## Problem
Transcribe everything in the listing as written, and let no image into the copy.

## Information supplied
------------------------------------------------------------------------

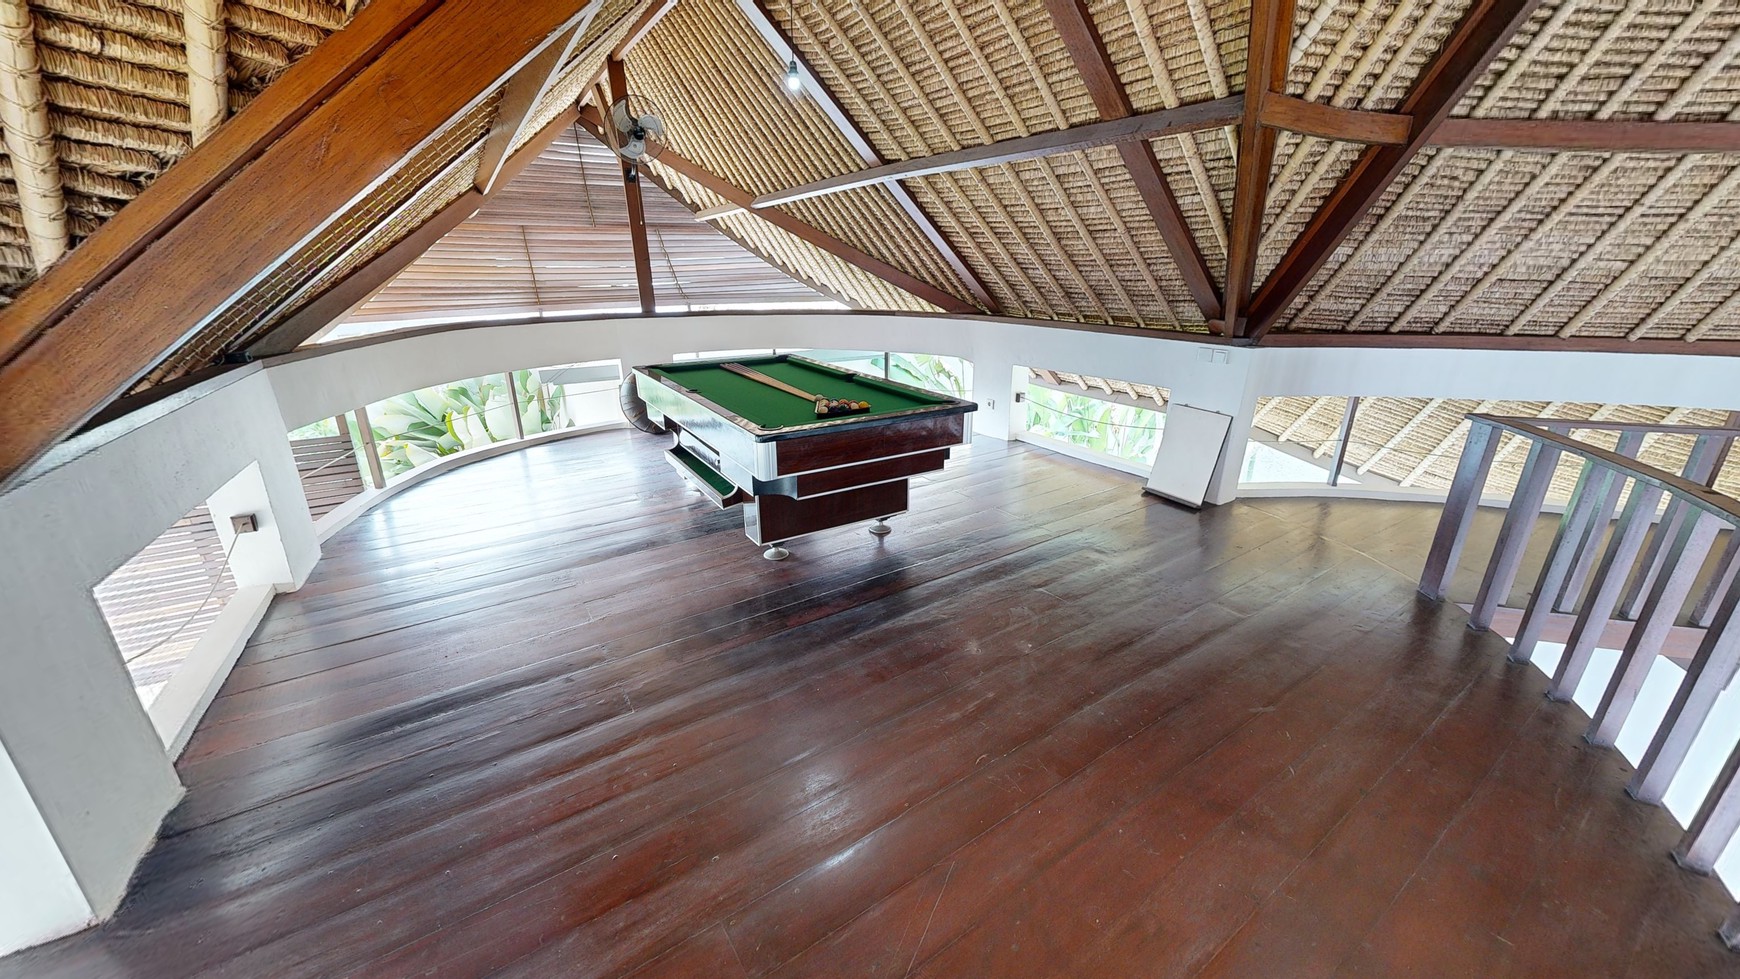 Freehold - Exquisite Oasis Luxurious 6-Bedroom Villa with Pool in Canggu
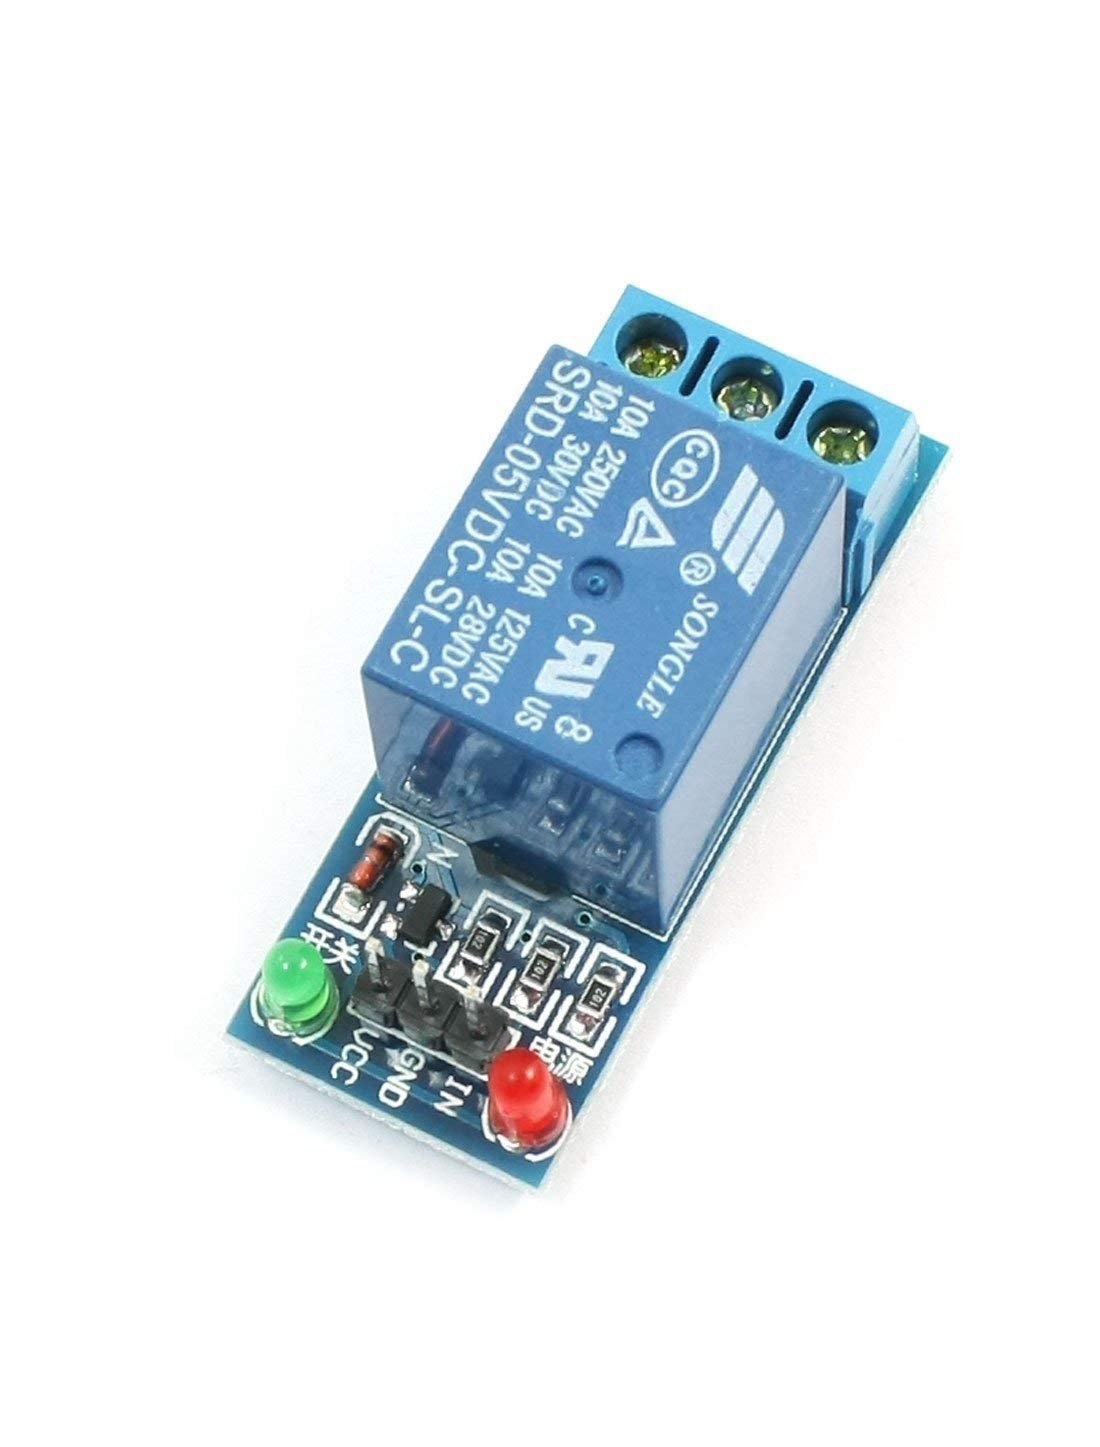  5V Relay One Channel Module for Raspberry Avr Pic Low Level Trigger 
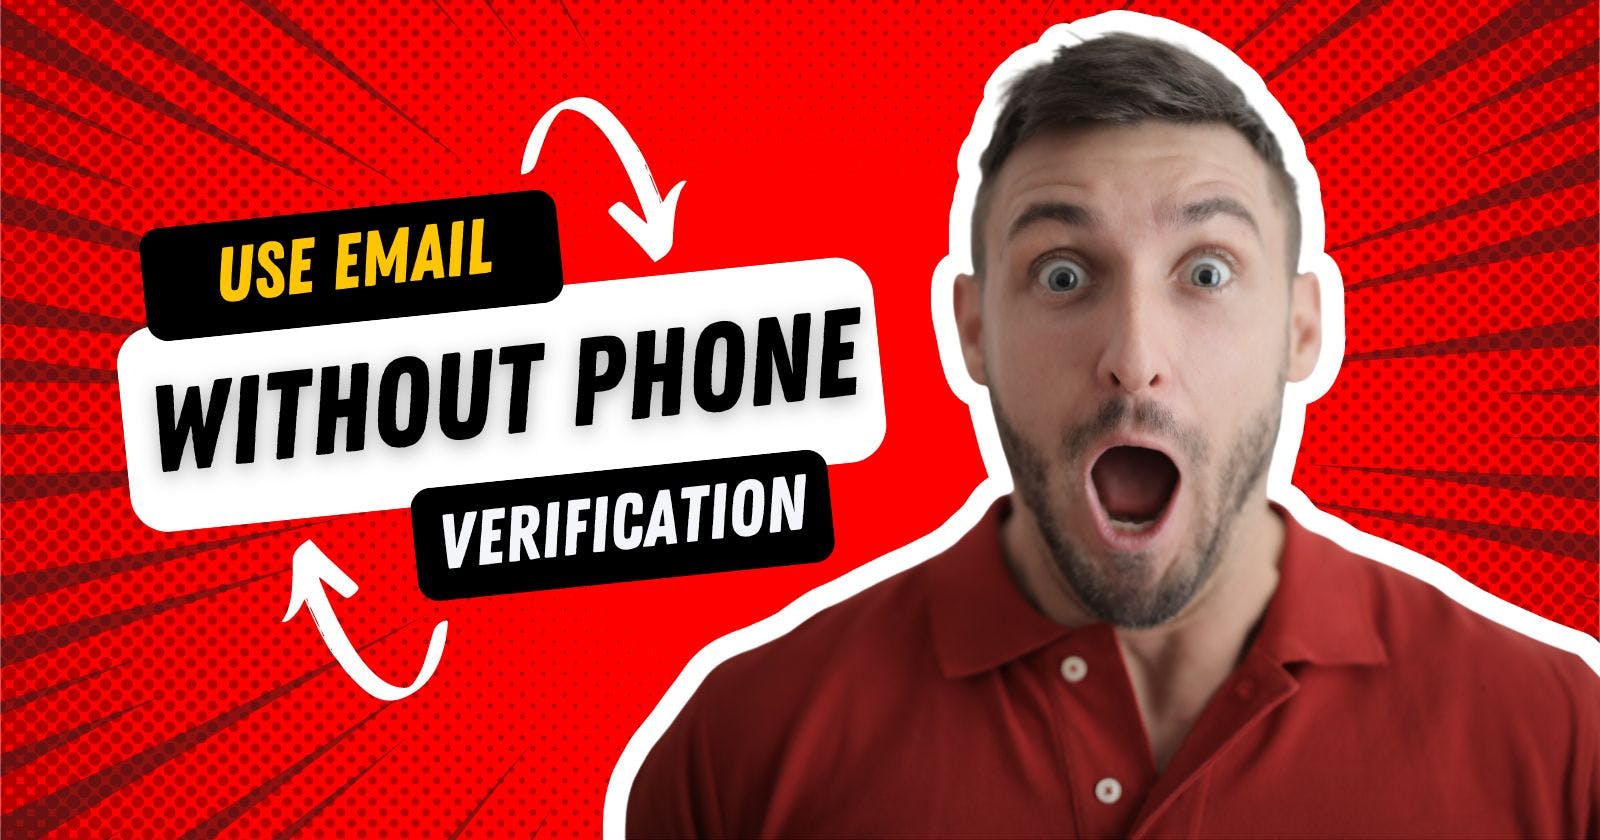 The Best Methods for Using Email Without Phone Verification

------------------------------------------------------------------------

## Solution
 Freehold - Exquisite Oasis Luxurious 6-Bedroom Villa with Pool in Canggu
  5V Relay One Channel Module for Raspberry Avr Pic Low Level Trigger 
 The Best Methods for Using Email Without Phone Verification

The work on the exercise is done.